Старик, слышно, не пережил своего несчастия и тоже отправился к праотцам, унеся с собою необычайную любовь к книгам и громадную библиографическую память.
Отыскав, что требовалось, он тем же порядком замаскировал свой тайник и мигнул Федулову:
– Это, что ли?
– Во, во, во!.. Оно самое! Давай его сюда!..
– Тс… хорони половчее, молокосос!..
– Не вам, хрычам, учить нашего брата!.. Ладно, этак-то теперь не заприметить.
– Добро, проходите отсель поскорее! Нечего вам тут задаром рассиживать!.. Купил товар – и уходи своею дорогою… Да слышь, – прибавил он озабоченно и торопливо, – коли попутает луканька, что в недобрый час попадетесь вы с этим добром, – я не продавал, и вы у меня не покупали, и знать я ничего не знаю. Слышишь?
– Это уж вестимое дело! Прощай, брат дедушка!
– Ну, то-то… Проваливай, внучек!
И, спровадив своих покупателей, старик снова напялил очки и снова принялся за конфесьон сенсер, только что приобретенную им от какого-то гимназиста.
Иван Иванович долго еще бродил по Толкучему рынку, заходил во множество лавчонок, справляясь, не имеется ли где литографского камня, и наконец, к немалому своему удовольствию, отыскал и его, между всяческим сбродом и хламом, рядом с бюстом Каратыгина и заплесневелой полуаршинной пушкой.

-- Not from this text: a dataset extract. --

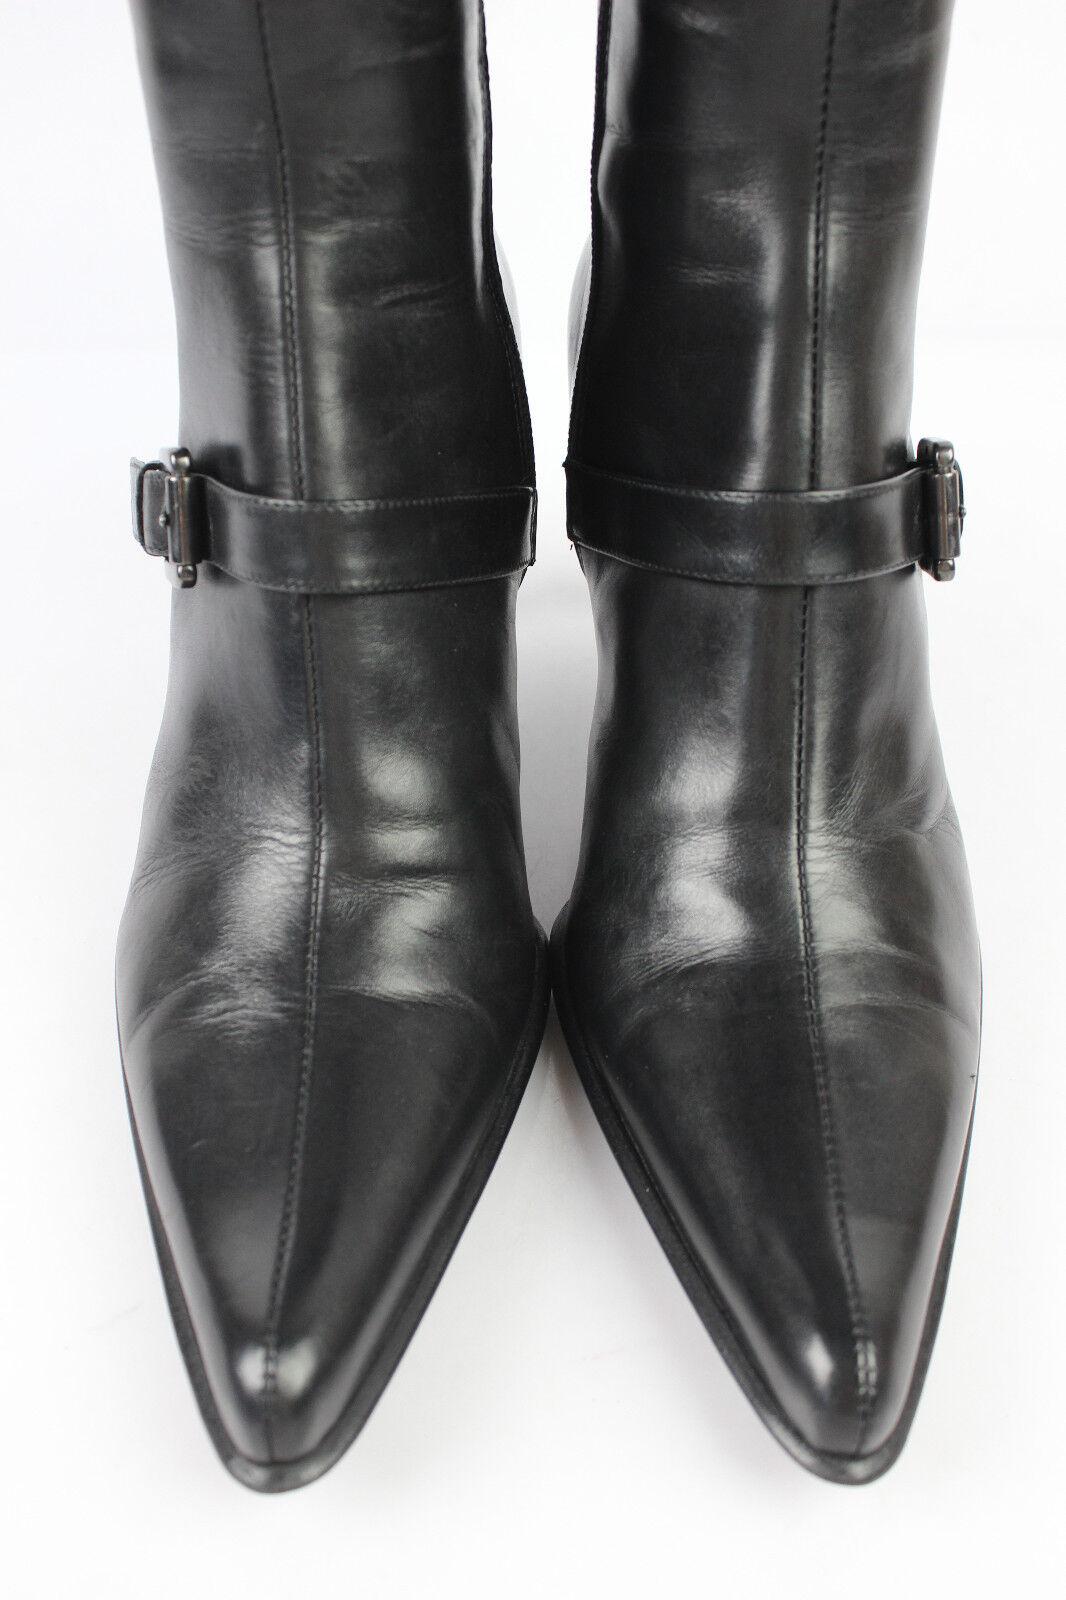 Zapatos especiales con descuento Mi bottes Sciuscia VENUE D'AILLEURS Cuir Noir T 38 TRES BON ETAT

Пока генеральша фон Шпильце сообщала Сашеньке-матушке инструкции для Ивана Ивановича Зеленькова и пока тот приводил их в исполнение, Полиевкт Харлампиевич не дремал и усердно работал над дальнейшими деталями своего обширного плана. Теперь уже он непрестанно памятовал, что дело зашло слишком далеко, особенно после убийства дворника Селифана, что буде мало-мальски успокоишься и сядешь сложа руки, то дамоклов меч того и гляди упадет ему на голову, да и не ему одному, а пойдет скакать, что называется, по всем по трем, не минуя ни Амалии Потаповны, ни Шадурского, ни Пройди-света, ни акушерки и всех прочих прикосновенных к делу лиц.